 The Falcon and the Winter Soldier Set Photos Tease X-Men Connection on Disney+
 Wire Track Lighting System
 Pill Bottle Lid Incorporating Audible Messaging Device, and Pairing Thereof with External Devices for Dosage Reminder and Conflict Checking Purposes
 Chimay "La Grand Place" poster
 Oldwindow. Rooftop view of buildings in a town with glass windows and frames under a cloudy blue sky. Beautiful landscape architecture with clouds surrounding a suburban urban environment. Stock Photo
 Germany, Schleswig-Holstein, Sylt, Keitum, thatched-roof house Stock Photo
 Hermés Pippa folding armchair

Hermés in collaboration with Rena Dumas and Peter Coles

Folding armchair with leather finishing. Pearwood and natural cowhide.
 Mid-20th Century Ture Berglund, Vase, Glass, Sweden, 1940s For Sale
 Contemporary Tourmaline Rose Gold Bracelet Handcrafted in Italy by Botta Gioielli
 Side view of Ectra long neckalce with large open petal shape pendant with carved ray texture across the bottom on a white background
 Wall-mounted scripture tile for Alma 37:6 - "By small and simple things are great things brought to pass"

- - - - - - -

=== WORK REQUIRED ===
Using the line that contains "Mid-20th Century Ture" as the first, reproduce each line exactly through the last line of the listing.

=== PROBLEM SOLUTION ===
 Mid-20th Century Ture Berglund, Vase, Glass, Sweden, 1940s For Sale
 Contemporary Tourmaline Rose Gold Bracelet Handcrafted in Italy by Botta Gioielli
 Side view of Ectra long neckalce with large open petal shape pendant with carved ray texture across the bottom on a white background
 Wall-mounted scripture tile for Alma 37:6 - "By small and simple things are great things brought to pass"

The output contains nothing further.